SOE reform has been one of the central tasks of the economic reform, but for more than a decade, since former premier Zhu Rongji was appointed economic czar and oversaw massive restructuring of the SOE system from the planned economy era, there hasn't been a central program charting the reform's progress.
Not having a central program for an important part of the reform was disappointing. Vested interests inevitably grew in the vacuum of overarching principles.
Those interests tended to grow fast, considering that many SOEs after the first round of reform made them stronger, and became de facto monopolies in their industries.
And in at least some of these industries, customers (meaning the people) cannot get the best value for their money unless there is competition.
The stifling effect of having large banks (all State-owned) lending only to large companies (mostly State-owned) and squeezing the overall credit supply to society was a notorious case in economics, and the consequence has been obvious in the economy's lack of "biodiversity" that a rapidly industrializing and urbanizing nation needs.
The relatively slow and narrow development in privately owned services is part of the explanation of China's low consumer power (in consumer spending's contribution to the GDP compared with other developing economies).
It is also part of the explanation of massive pollution and low quality of life in industrial cities-because an excessive amount of resources has been used to feed an overcapacity of big smokestack industries that have no competitive edge in the future.

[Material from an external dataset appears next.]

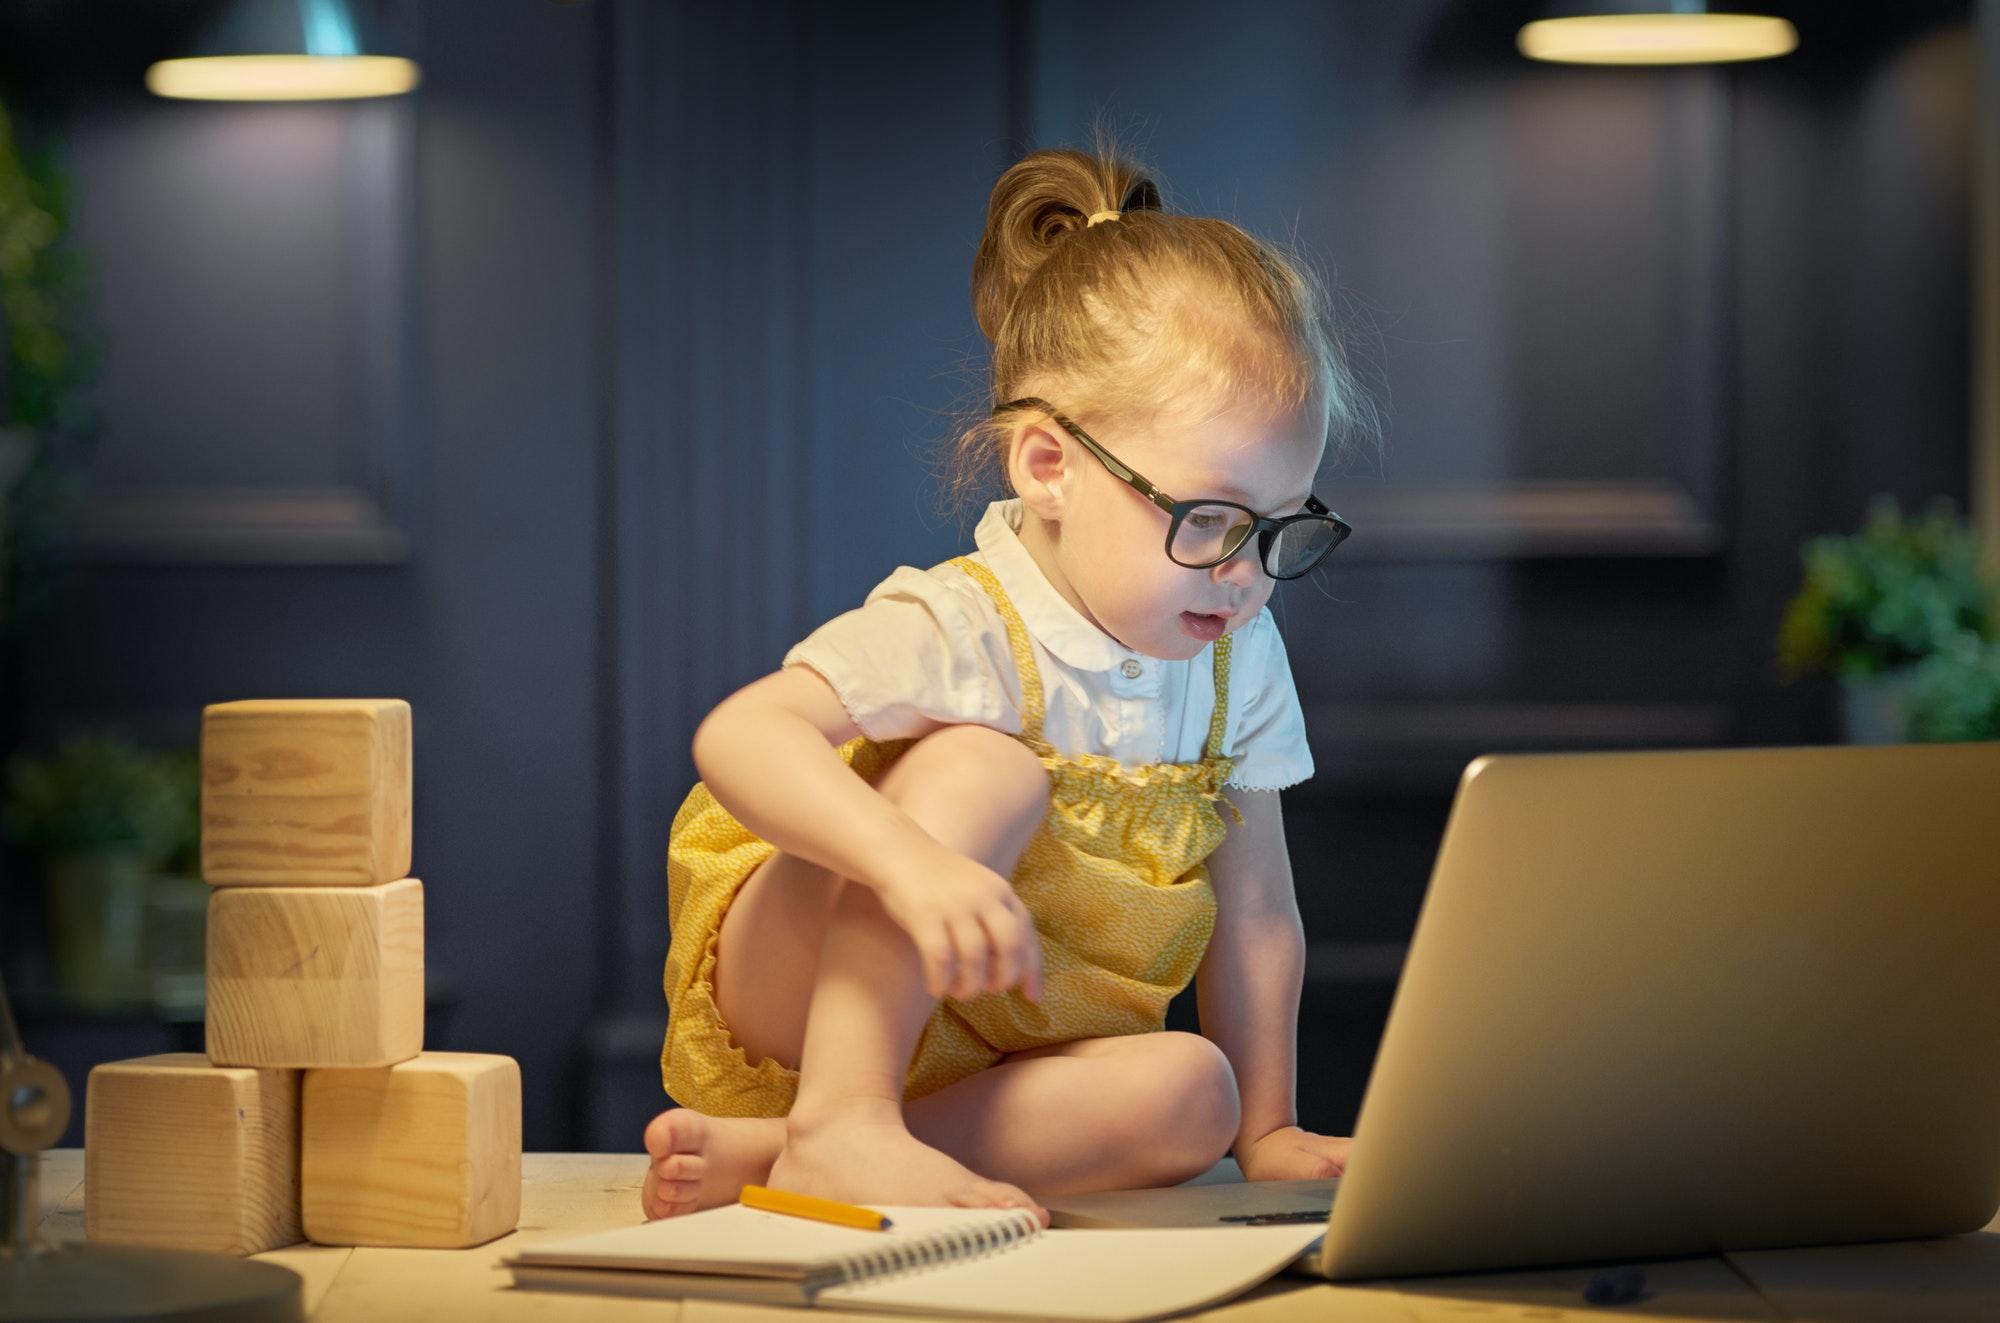 Uddannelse webdesigner, 5 tips til at starte en karriere som hjemmeside designere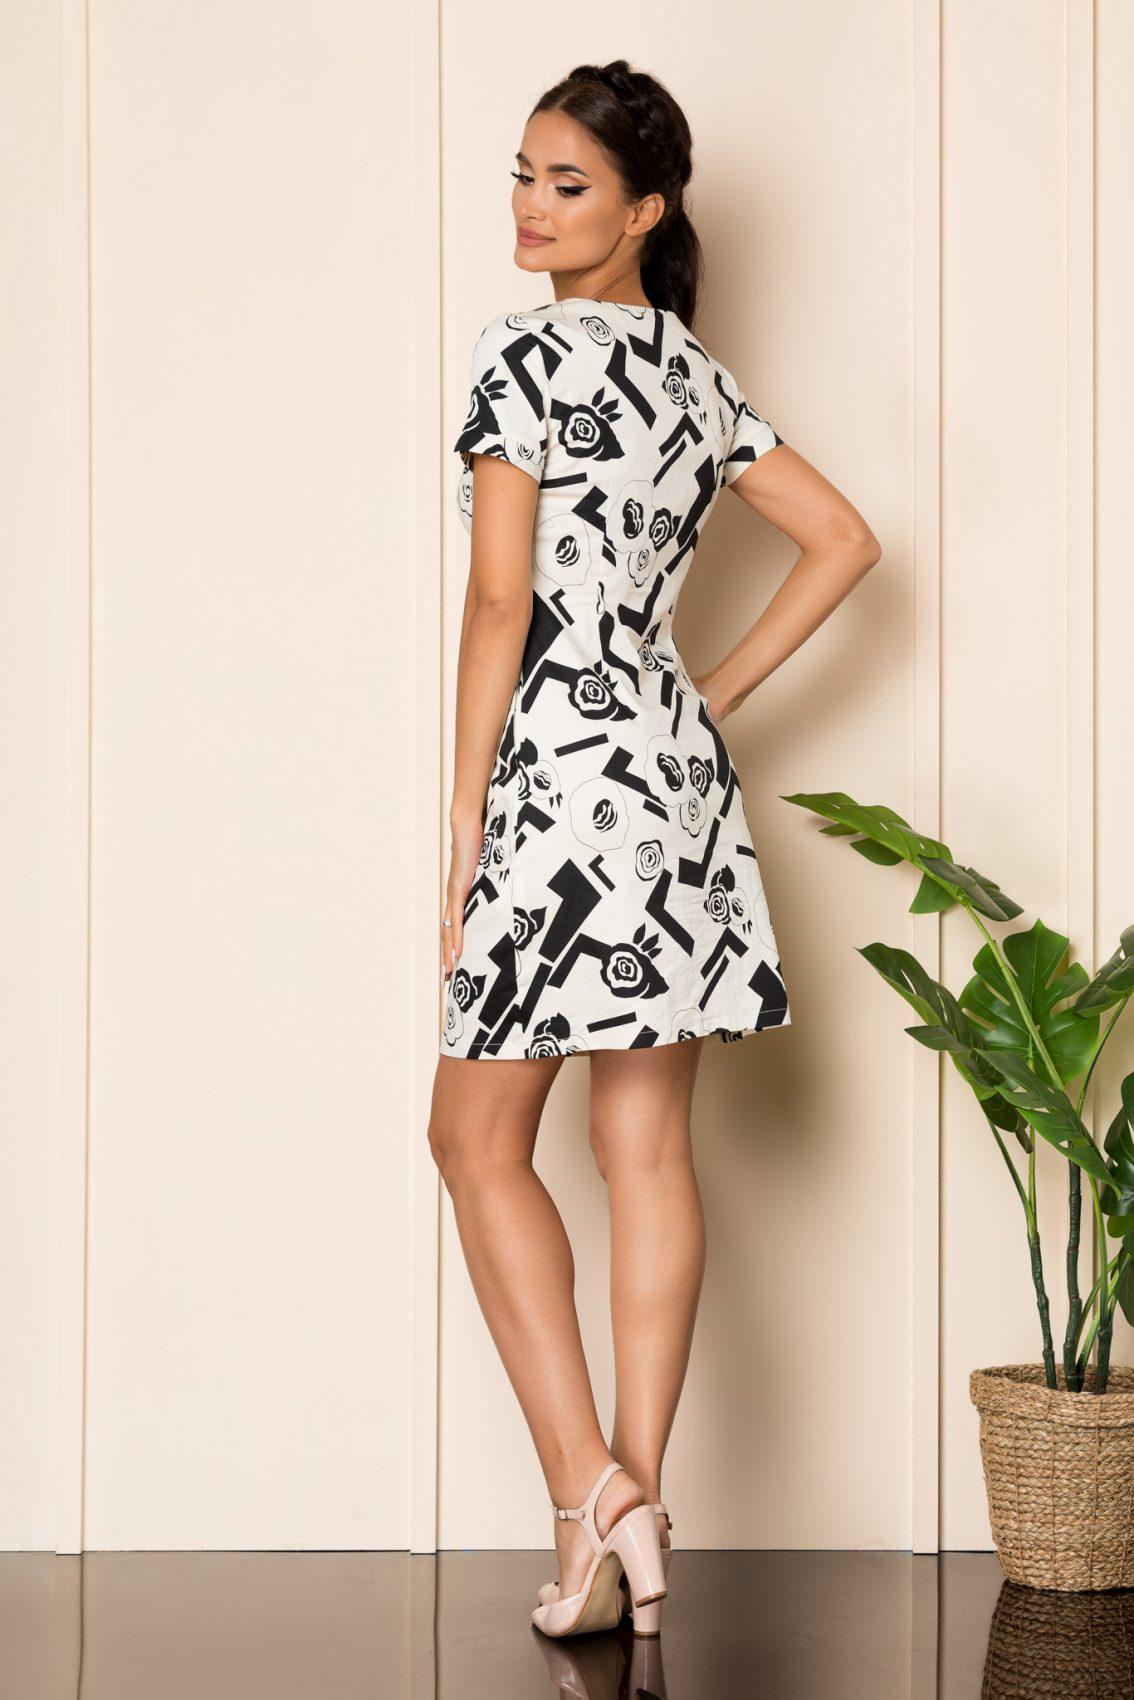 Ασπρόμαυρο Φόρεμα Σε Γραμμή Άλφα Carly A804 2

But a few years ago, few people, except future-minded independent economists, were really disappointed. They were misled by the astonishing short-term growth figures from simple manufacturing and the cheap goods they shipped to the overseas market.
Even for a short period immediately after the world financial crisis in 2008, China could still manage to report a growth record close to 10 percent year-on-year.
It is only when consumers in North America and Western Europe were no longer buying as much, and when domestic pollution had reached an unbearable level, that people came to realize the nation really could not have sustainable development without a new round of SOE reform.
China now has got one central reform program for its SOEs. Yet the program is so comprehensive and so general, if not philosophical, that putting it into practice still requires a series of subsidiary programs.